Distributed Denial of Service (DDoS) amplification attempt identification (Chargen)

Denial of Service (DoS) attacks are some of the oldest and most common cybersecurity problems. Rather than try to steal sensitive information, DoS attacks simply seek to destructively disrupted the targeted service. Over the last year we at SRLabs we have been monitoring internet traffic via honeypots and identified some recent trends and evolutions in the DoS field. 

Currently, reflected Distributed DoS (Figure 1) attacks are the most common way to attempt to send large amounts of data to the target. This type of attack is UDP-based and consists of using an intermediate host by changing the source IP in the initial requests generated by the attacker to direct the server responses to the actual target (IP spoofing). That way, the attacker does not send requests directly to a target, but to an initial server that then directs its response to the actual target. Instead of directly generating the initial requests themselves, attackers usually leverage networks of previously compromised hosts that they control (botnets) to generate a high quantity of initial requests.

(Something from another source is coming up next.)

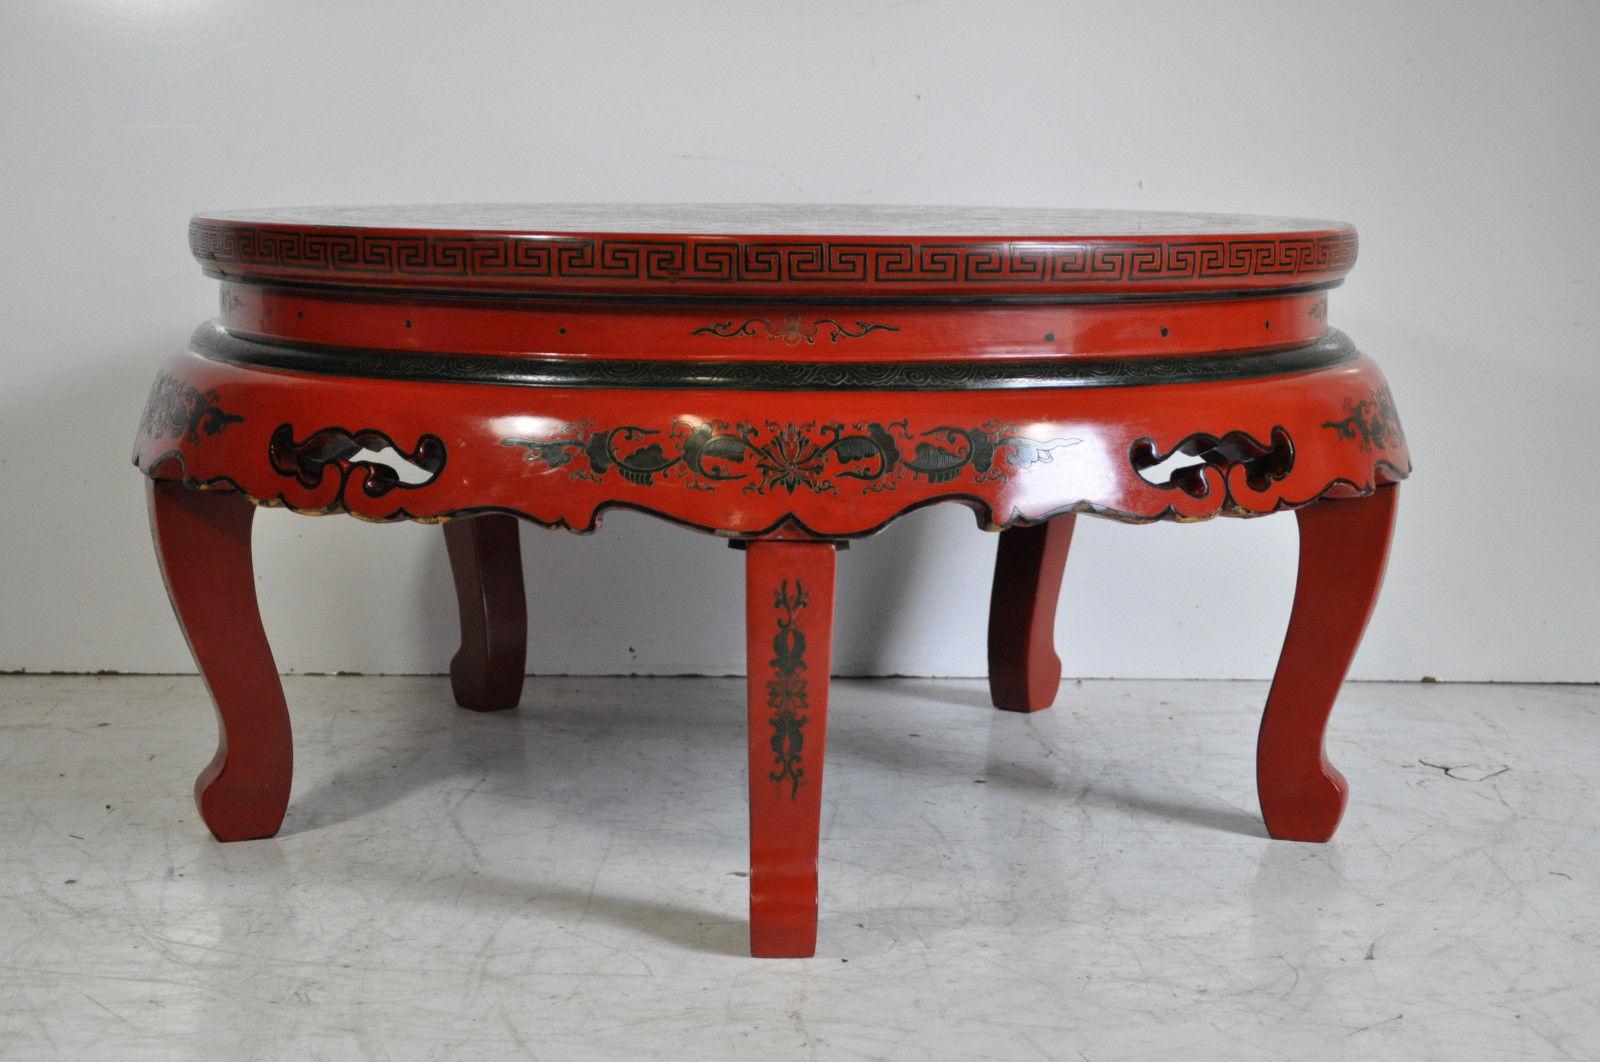 Stunning vintage red lacquer Oriental folding leg coffee table. The piece features a beautiful hand painted lacquer finish with a plethora of decorative motifs on the top, nicely carved legs and skirt, and collapsible legs for ease of storage, circa

Figure 1: Reflected amplified DDoS attack scheme with intermediate botnet

Hand in hand with reflected DDoS go amplification attempts. These are a variation of reflected DDoS attacks in that the intermediate host forms a reply that is bigger than the request made by the attacker. That is, the response packet is larger in size than the request packet.

To illustrate this technique, we can use one of the most requested ports in our honeypot and what hackers have been trying to accomplish by leveraging it. Port 19, usually related to the Chargen service, received more than 40 million requests, and was found open in 78,000 devices by Shodan

Chargen is a legacy testing service that, in a traditional set up, accepts UDP connections, takes as little input as a character from the client request and sends a response with a list of printable characters of variable length, as shown in Figure 2. By spoofing the IP of the request, attackers can leverage this functionality and achieve an amplification of their requests targeting a third-party host.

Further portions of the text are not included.